Closed letmaik closed 1 year ago
Faced the same issue.
@letmaik I've read the spec, given this a ton of thought, and I feel that overwriting is an appropriate handle per spec. It seems to leave room for implementation-specific parsing and I believe that an overwrite on duplicate key is appropriate fault-tolerance.
While there are more complex handling scenarios in other implementations (see for example https://github.com/fxamacker/cbor/issues/122), I question the complexity of such a feature at this time.

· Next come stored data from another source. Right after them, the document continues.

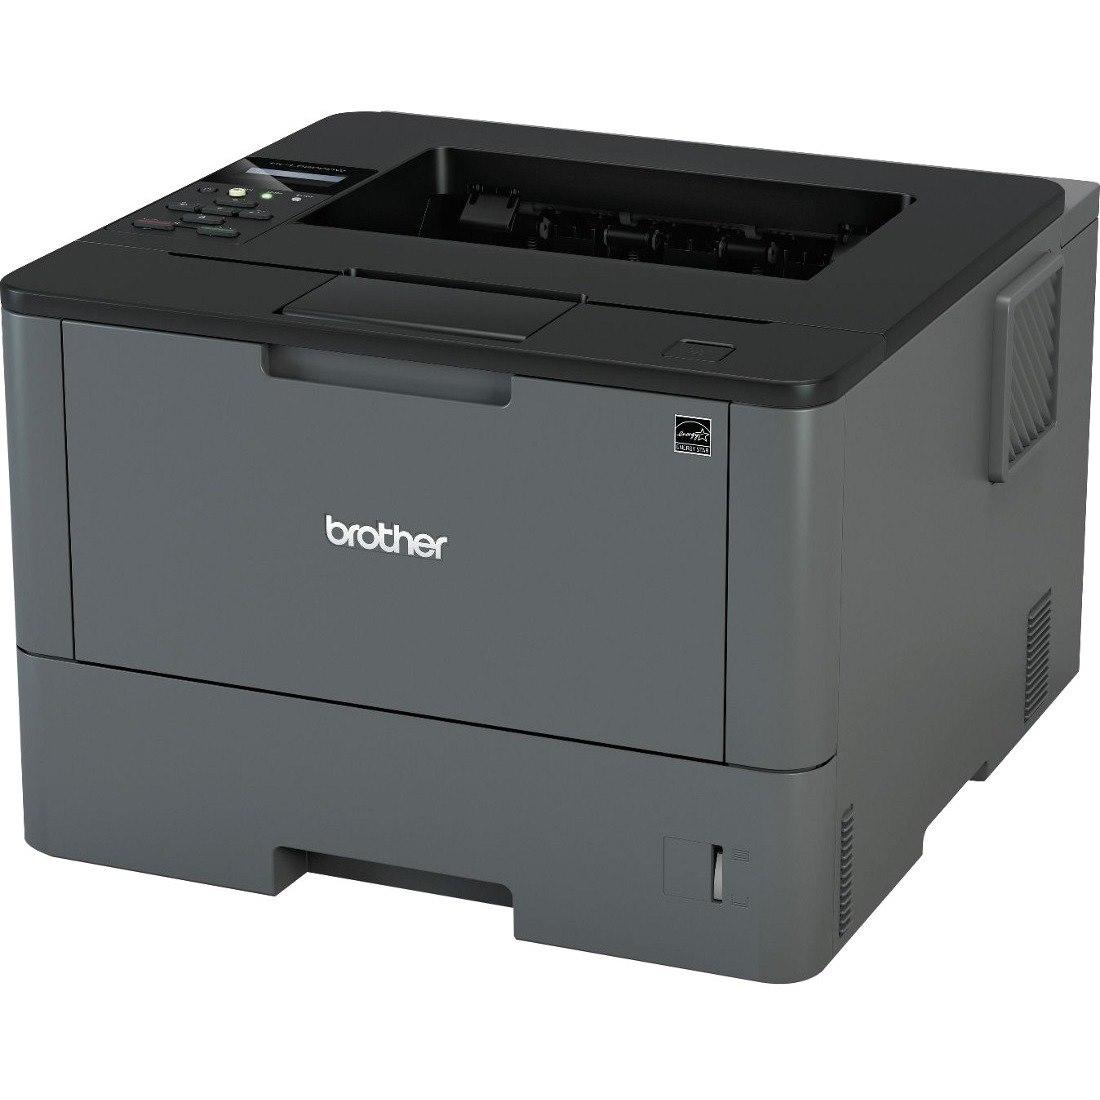 Brother HL HL-L5200DW Laser Printer - Monochrome
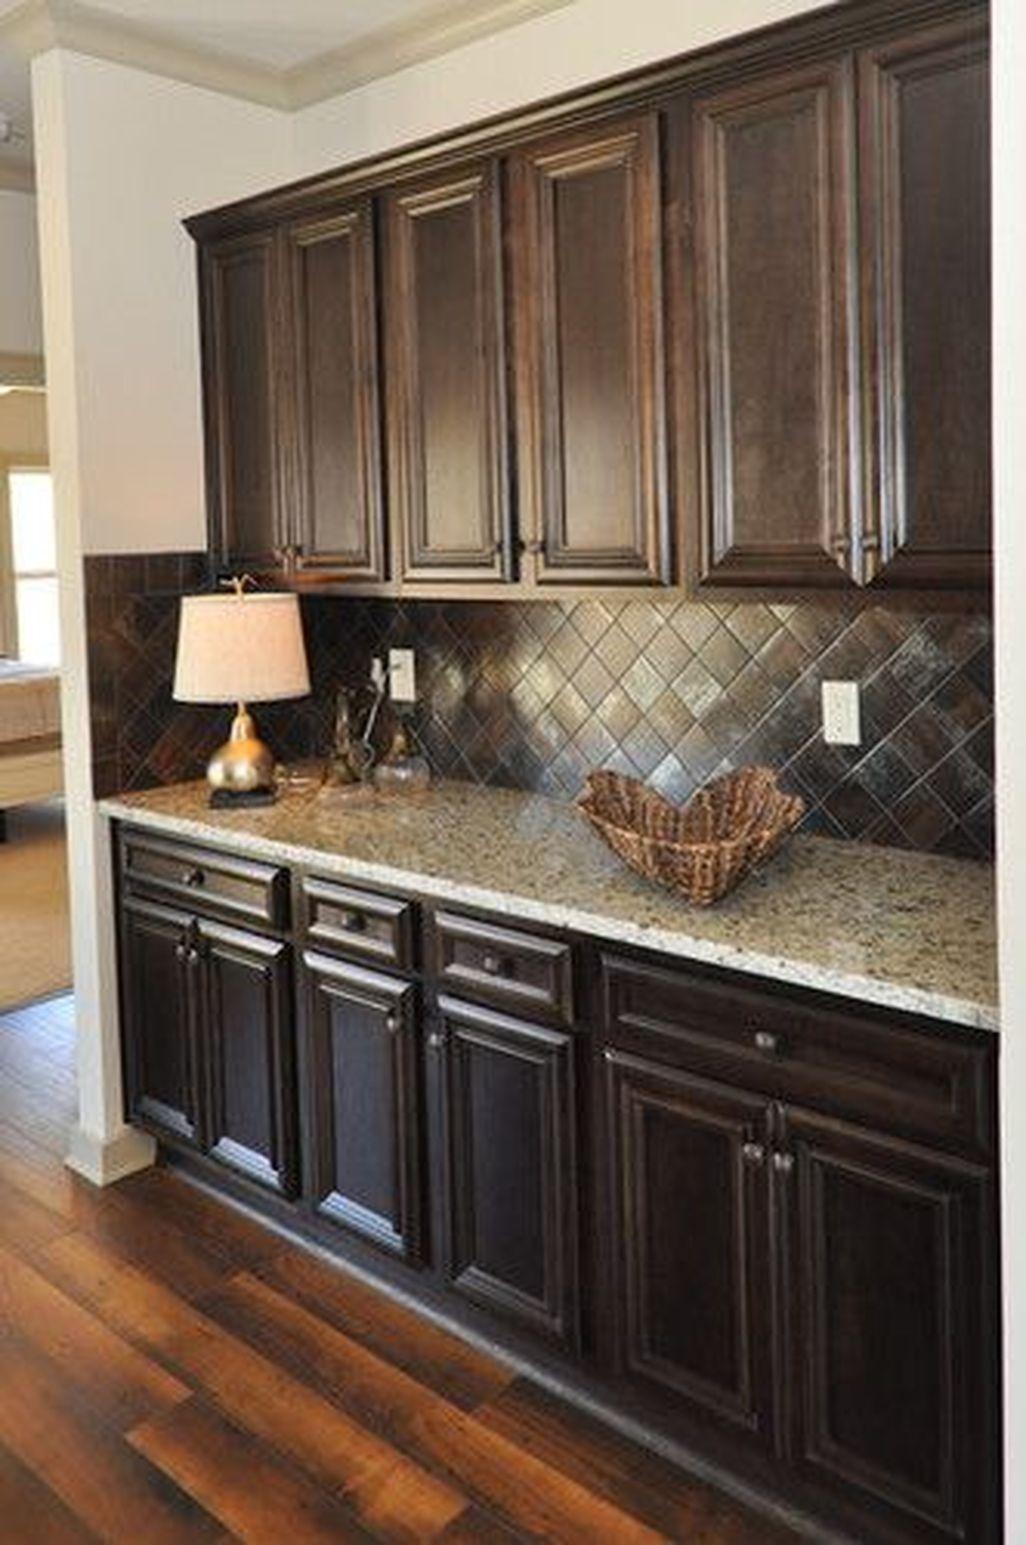 48 stunning dark wood floor ideas kitchen kitchen 48 stunn kitchen cabinets and countertops on kitchen ideas with dark cabinets id=17919
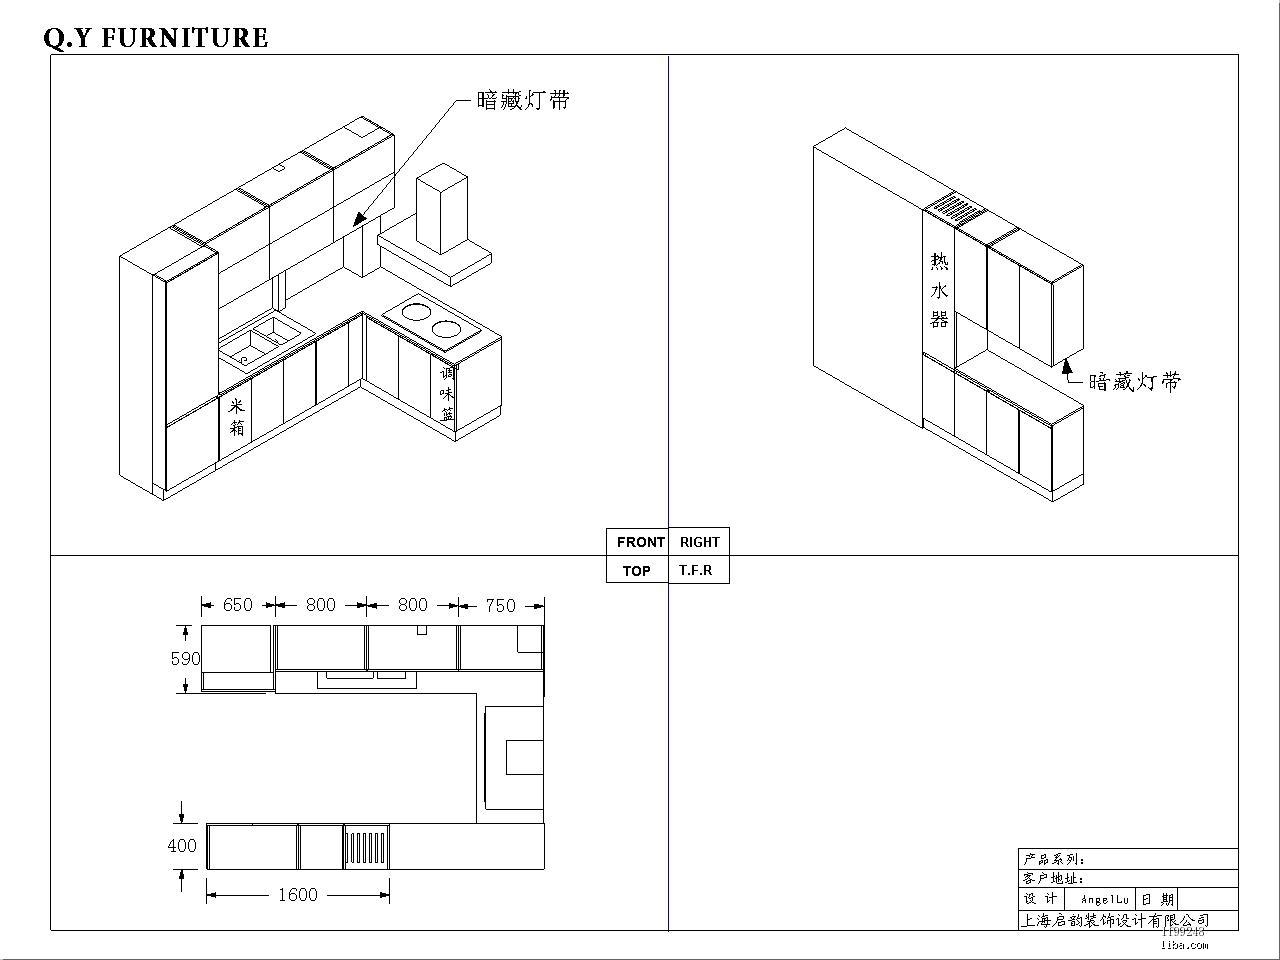 和室设计平面图
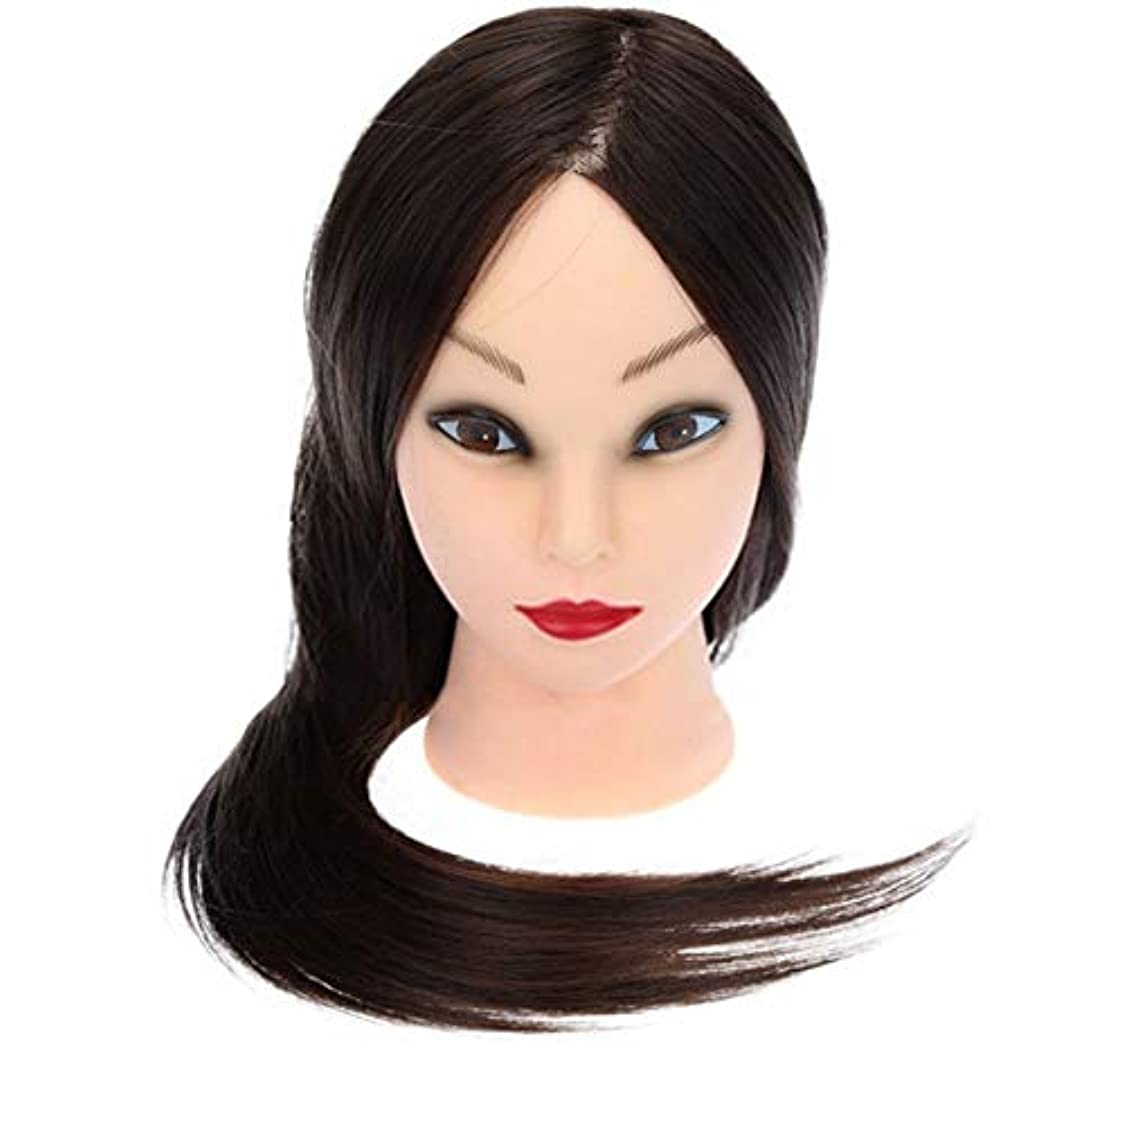 練習ディスク髪編組ヘアモデル理髪店スクールティーチングヘッドロングかつら美容マネキンヘッド
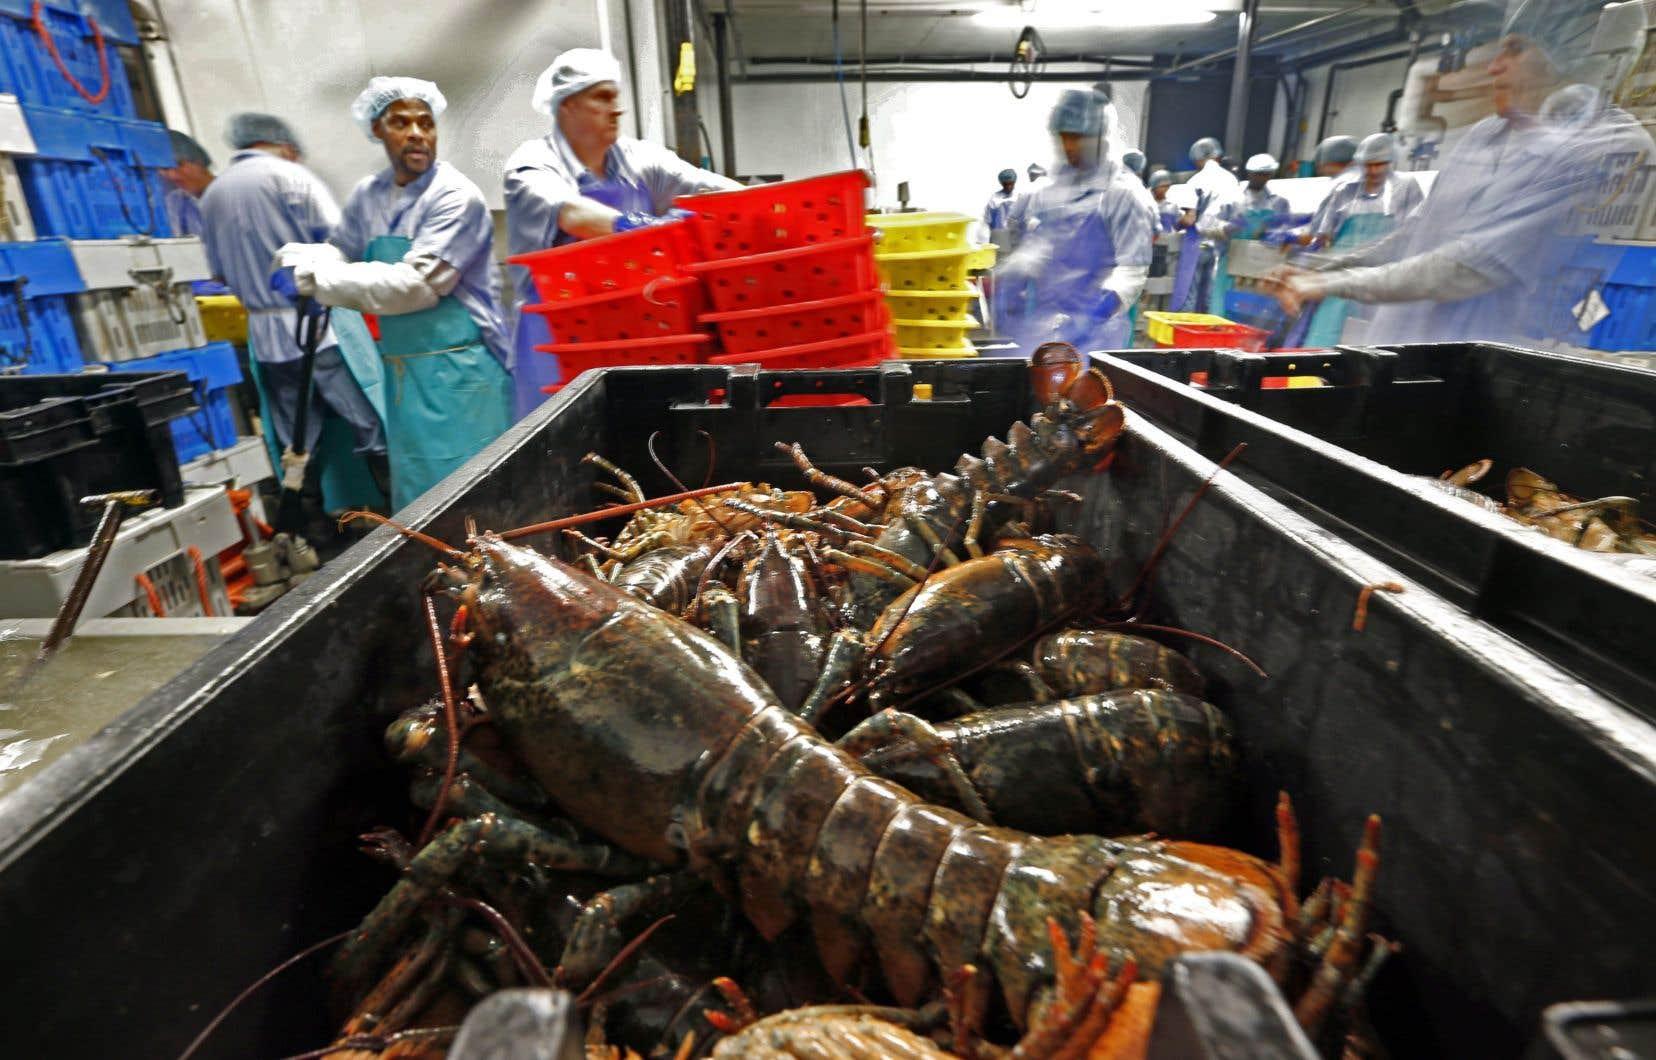 L'Association des transformateurs de homard du Nouveau-Brunswick et de la Nouvelle-Écosse soutient que son secteur subit des retards en raison d'un changement récent qui fait que les travailleurs migrants doivent se soumettre à un contrôle biométrique.

The fault-tolerance in the lib is also in-line with what developers should expect for JSON.parse
. Example:
const json_dup = `
{
"key1": "val1",
"key2": "val2a",
"key2": "val2b",
"key3": "val3"
}
`
console.log(JSON.parse(json_dup))
For these reasons, I would like to close this issue as wont fix; however, I feel that adding a feature for optional strictness like fxmacker/cbor
with a default for fault-tolerance would be acceptable. Anyone submitting a PR implementing this feature would be welcome.
This feature would be required to implement COSE validators in a secure manner: https://datatracker.ietf.org/doc/html/rfc8152
Applications MUST NOT generate messages with the same label used twice as a key in a single map. Applications MUST NOT parse and process messages with the same label used twice as a key in a single map. Applications can enforce the parse and process requirement by using parsers that will fail the parse step or by using parsers that will pass all keys to the application, and the application can perform the check for duplicate keys.
I believe from a language perspective that the first must not is satisfied by the encode process.
The second must not I am interpreting as "don't present more than one key/value with the same label to the application". Can you help me understand how this is flawed? I must be missing something (and there's a few other CBOR libs that would have also missed this, not an excuse, just part of my reasoning).
The decode process would need to add some intermediate code for either the hard fail or the passing of keys (maybe via some "reviver" style function [?] that can pump out the key/value pairs as they are decoded) to the application.
Thanks for the cycle of feedback, @letmaik.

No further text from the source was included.